Excerpted data –
-=-=-

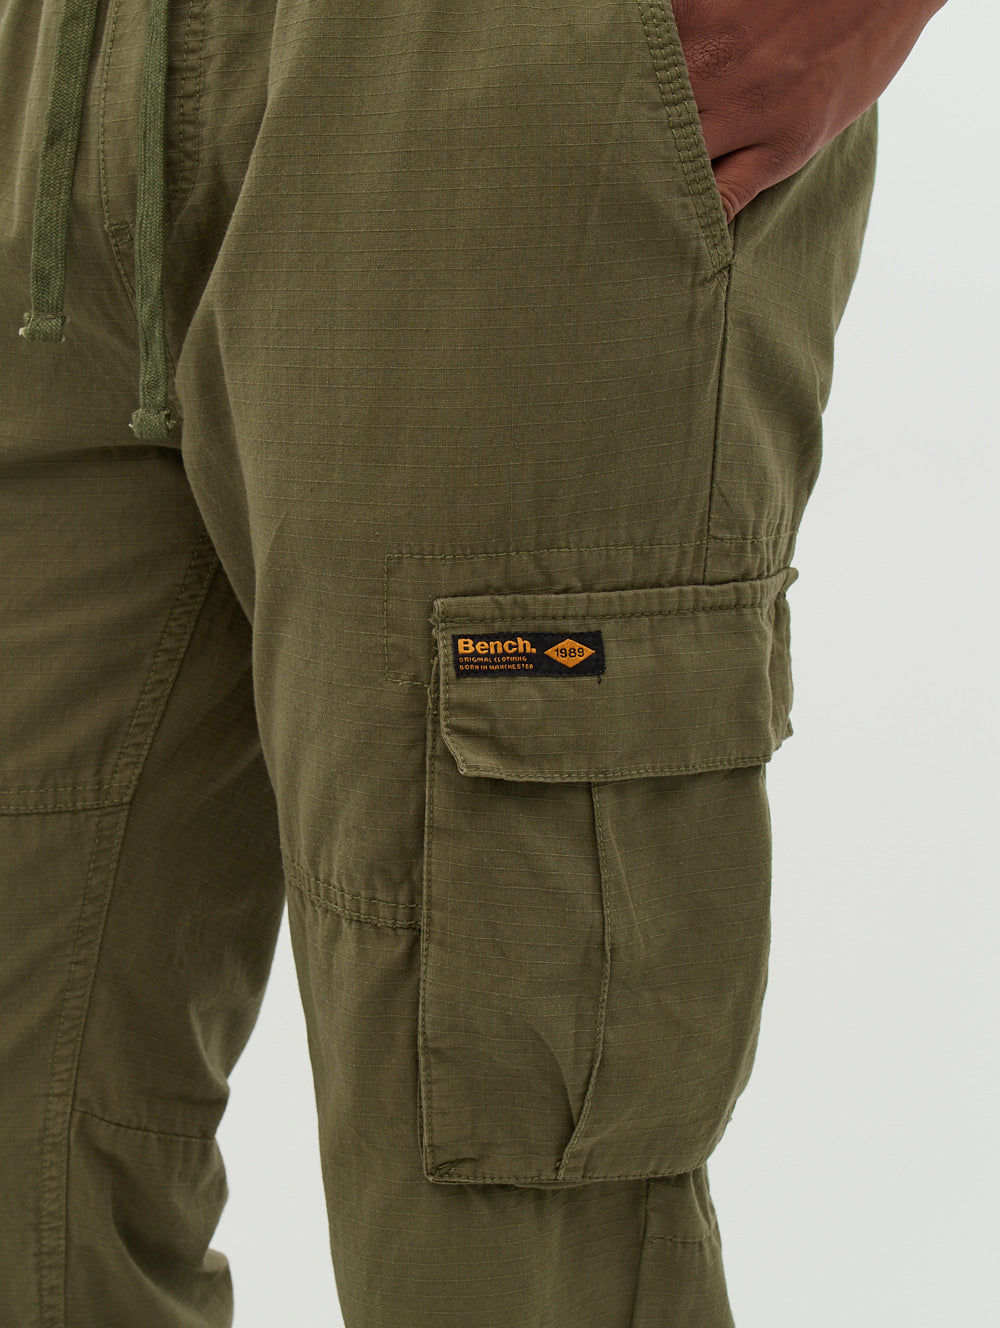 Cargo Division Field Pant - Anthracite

-=-=-

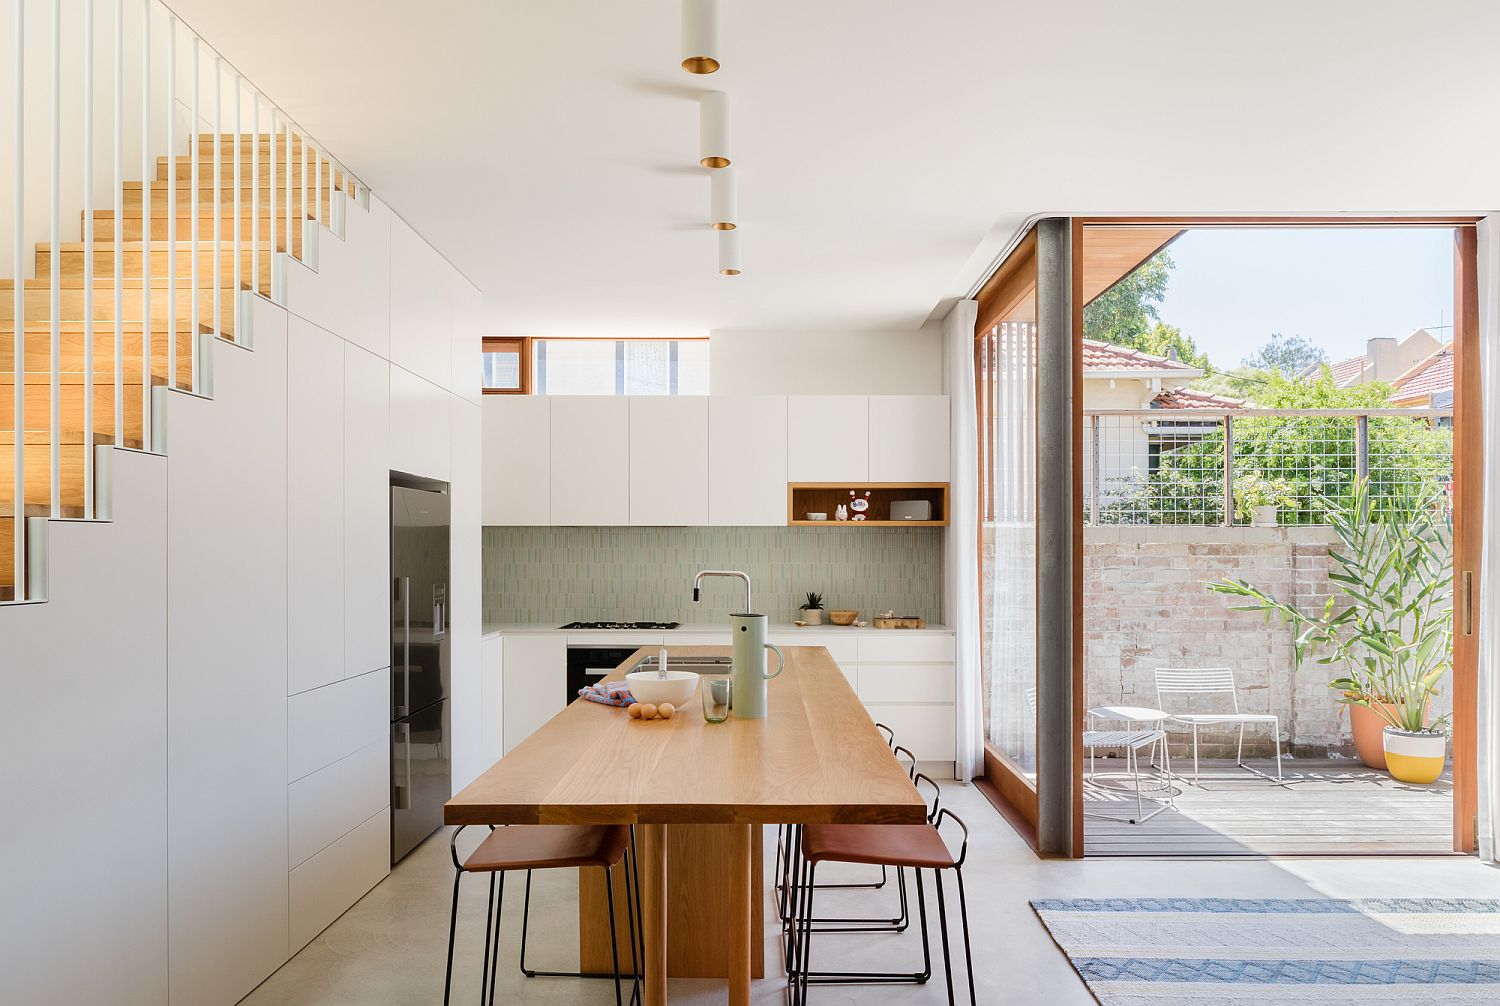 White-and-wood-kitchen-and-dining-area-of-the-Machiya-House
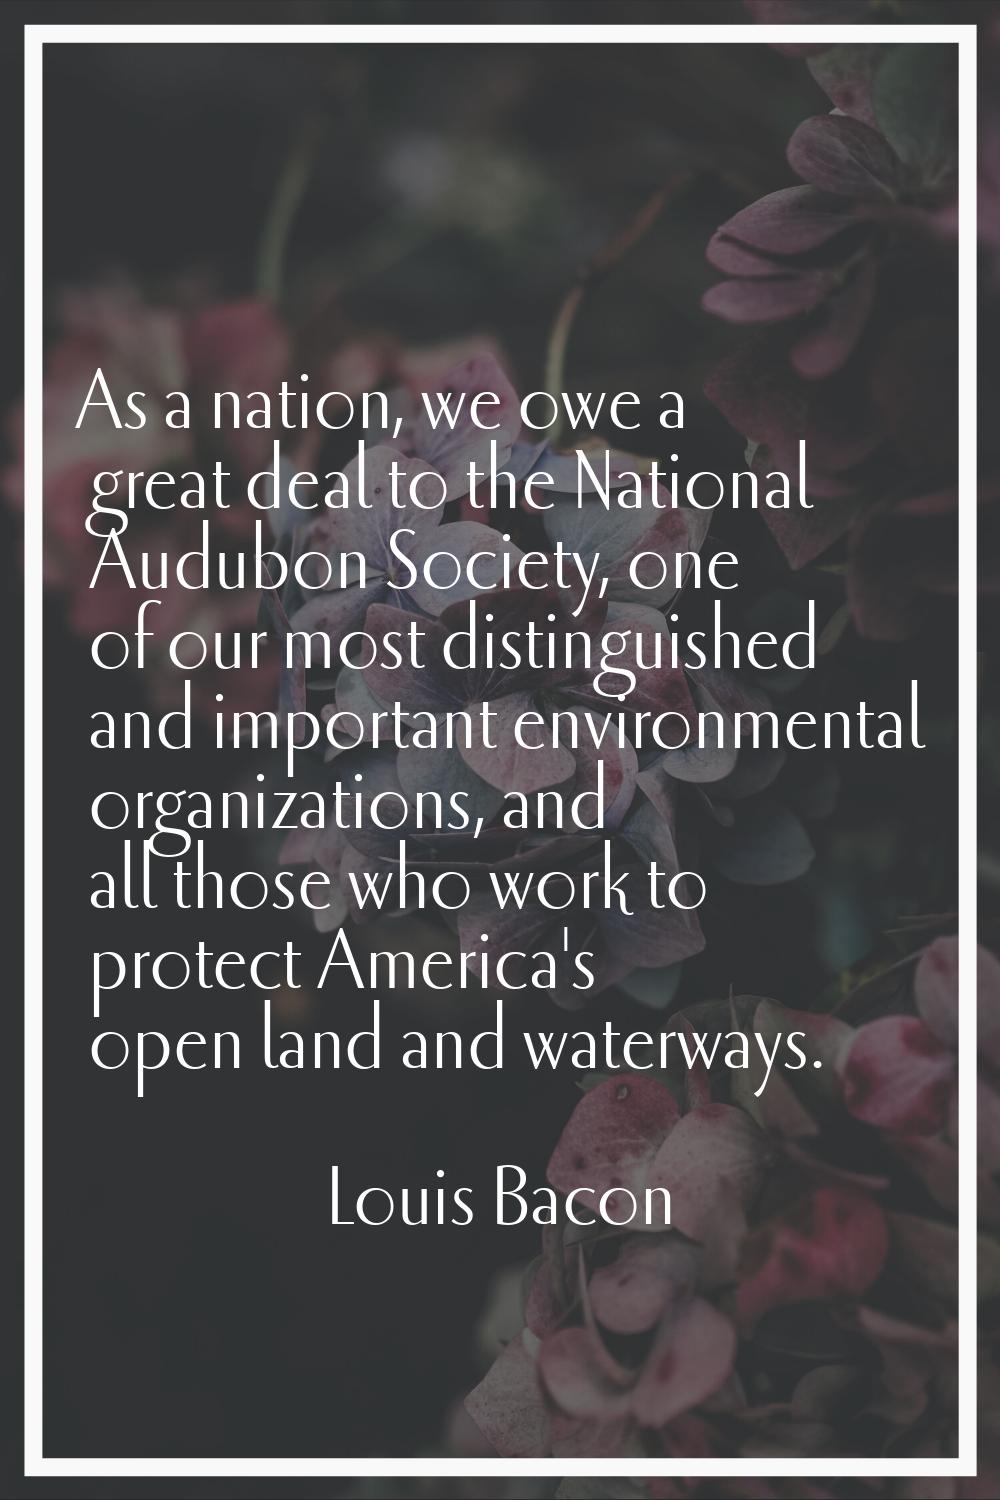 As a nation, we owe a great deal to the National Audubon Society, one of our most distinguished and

-=-=-

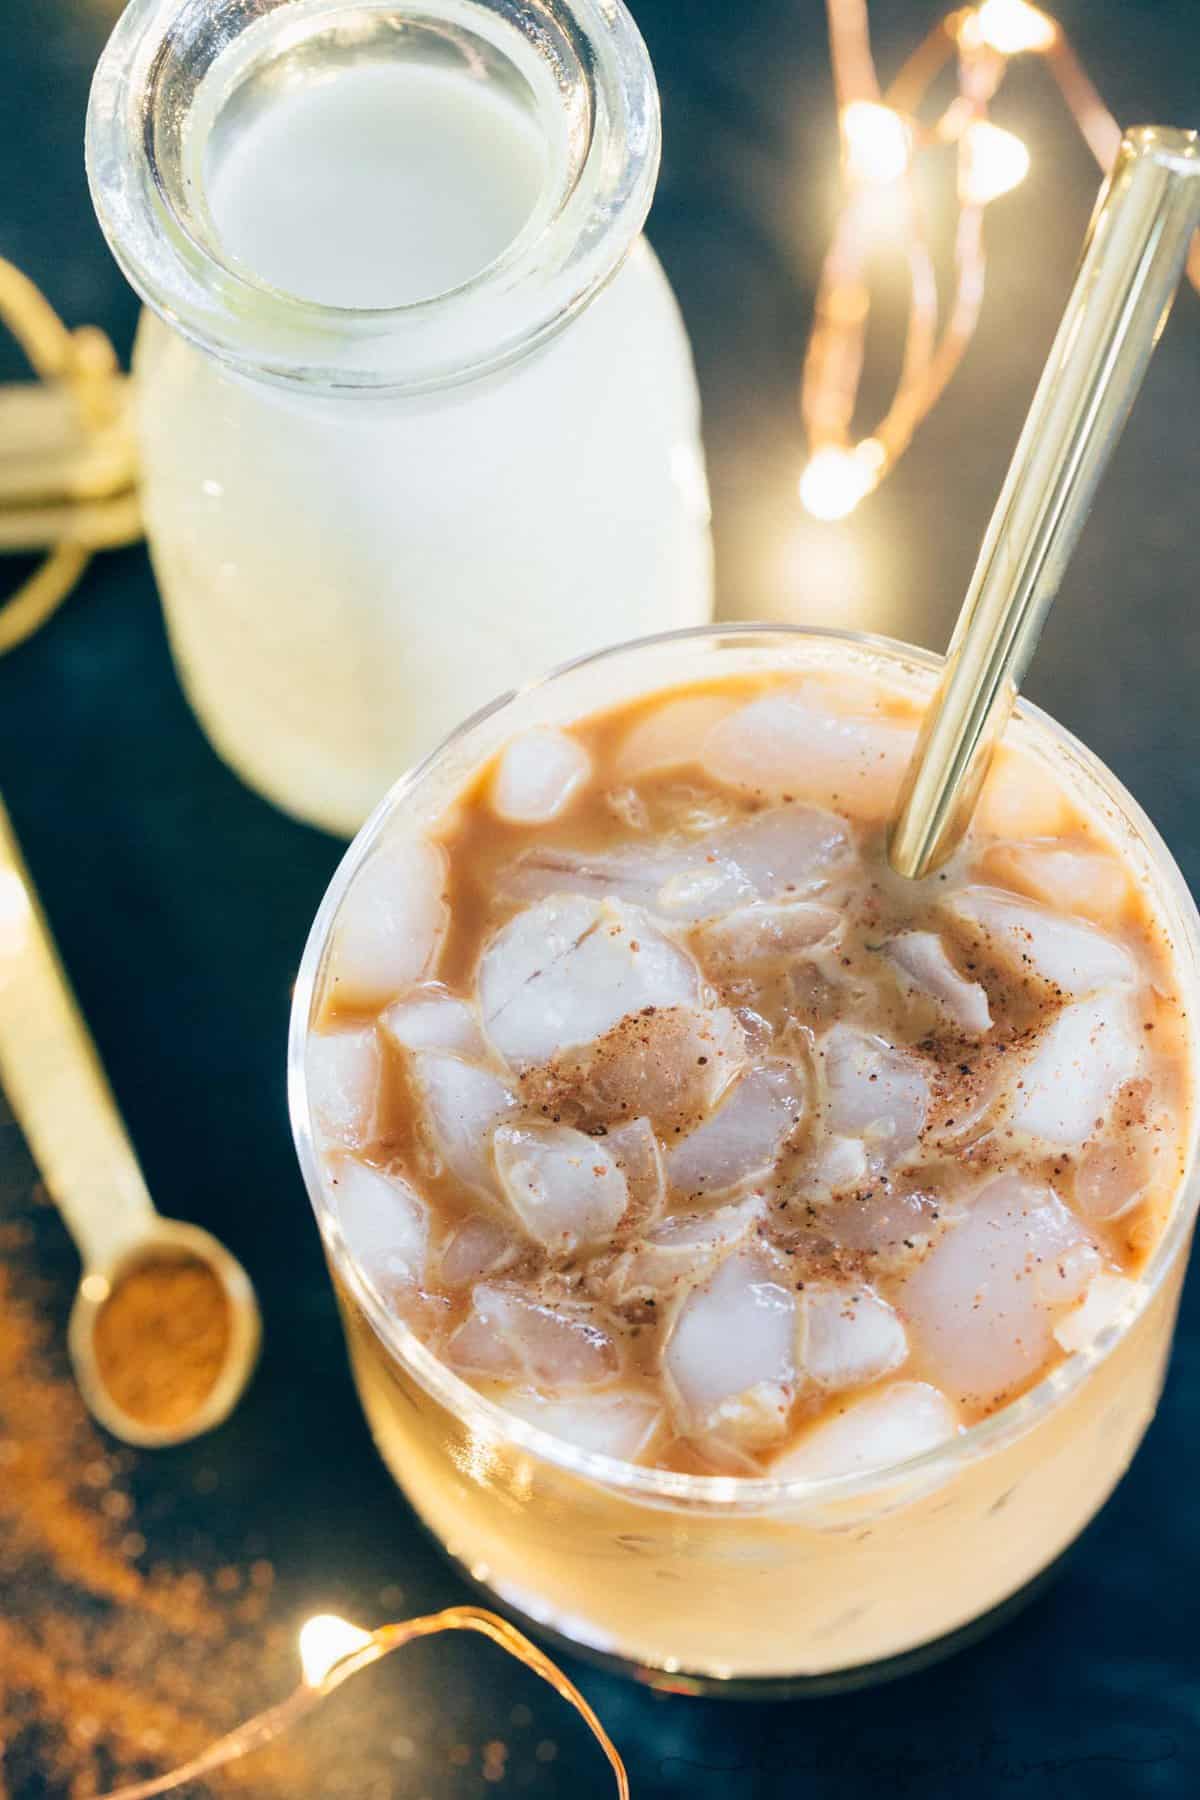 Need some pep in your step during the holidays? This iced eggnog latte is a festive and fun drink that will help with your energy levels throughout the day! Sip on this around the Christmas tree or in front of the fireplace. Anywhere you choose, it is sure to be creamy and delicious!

-=-=-

Task details – Please repeat the lines of the material above exactly, starting with the line that contains "White-and-wood-kitchen-and-dining-area-of-the-Machiya-House" and ending with the line that contains "As a nation, we". Leave the pictures out.

Solved exercise –
 White-and-wood-kitchen-and-dining-area-of-the-Machiya-House
 As a nation, we owe a great deal to the National Audubon Society, one of our most distinguished and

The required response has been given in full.